Expertise rewards players who choose to specialize in a subset of the commercial gameplay, while still keeping it possible for a player to change their minds and adjust their org's long-term focus.

There is also another, optional type of expertise that players can choose to invest in - in this case, Research tasks that grant types of expertise such as Carbonate Expertise, Silicate Expertise, Hydrocarbon Expertise, and so on. These kinds of expertise, like their Commercial cousins, decay, but they reduce task completion time at high values rather than being a prerequisite.

These two types of expertise do two very different things; Commercial expertise encourages specialization in types of production tasks - such as Mining versus Manufacturing - while Research expertise encourages specialization for types of material - such as Carbonates versus Metals.


The details, of course, can get quite a bit more complicated, as none of this went into slotting requirements or the consequences of various task results - not every task, even routine task, will be a success.

Similarly, there are rare occasions where a component might use an unrefined material directly, or a component might require multiple refined material types, or even a rare component to make it in the first place.

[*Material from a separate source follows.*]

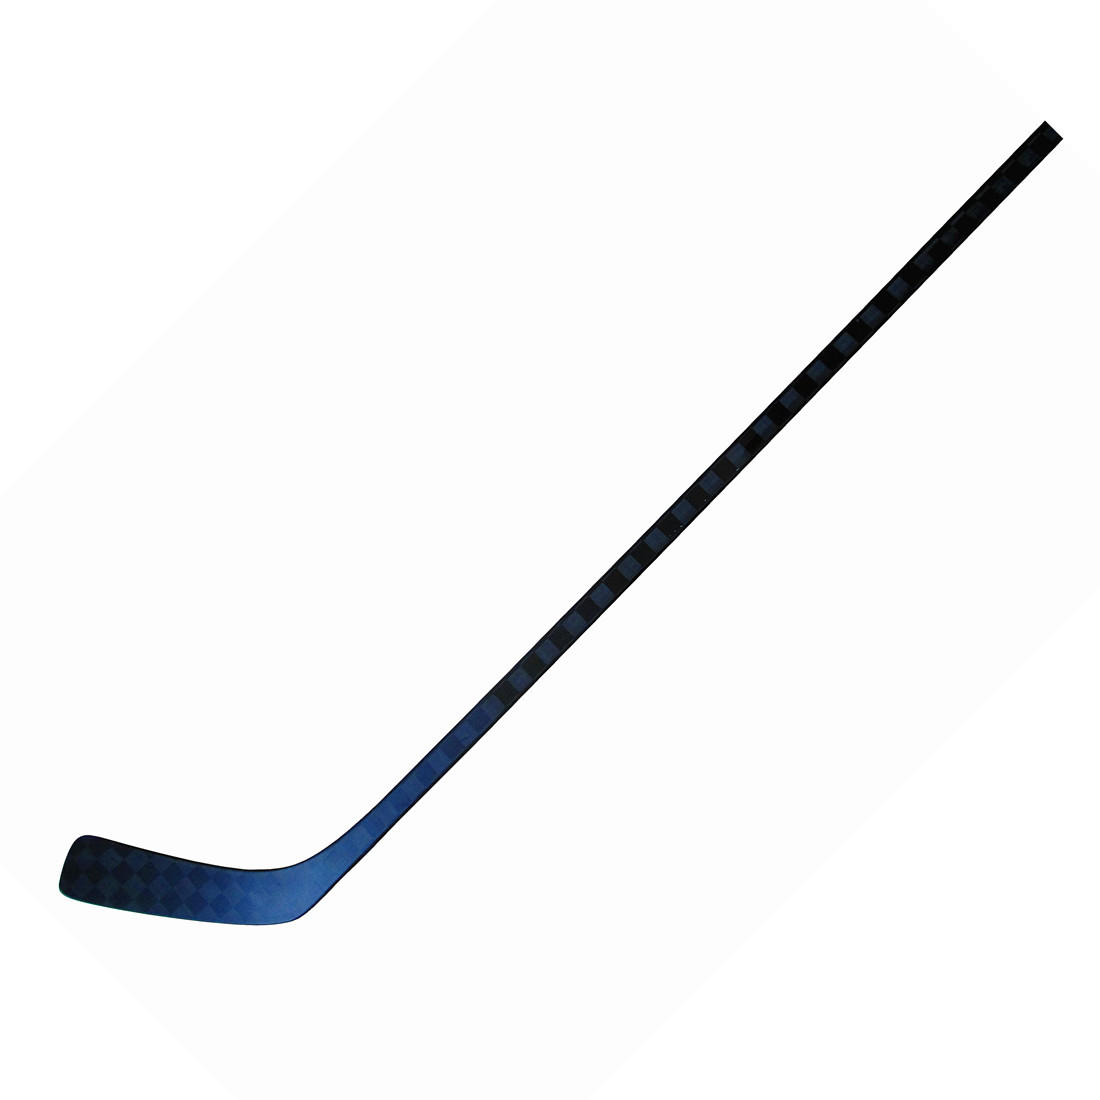 Hokey stick--Hockey stick

This basic mechanic of expertise and task chains to generate usable items is used in other categories, as well, though each of them does this in a different way and using different patterns with different category dependencies. (Wait until we talk about using the Political category to speed up the process of promoting ships and agents, or xenoarchaeology, or creating artificial memes...)

EDIT 5/7/2014: Expertise section has been updated to reflect internal design iterations.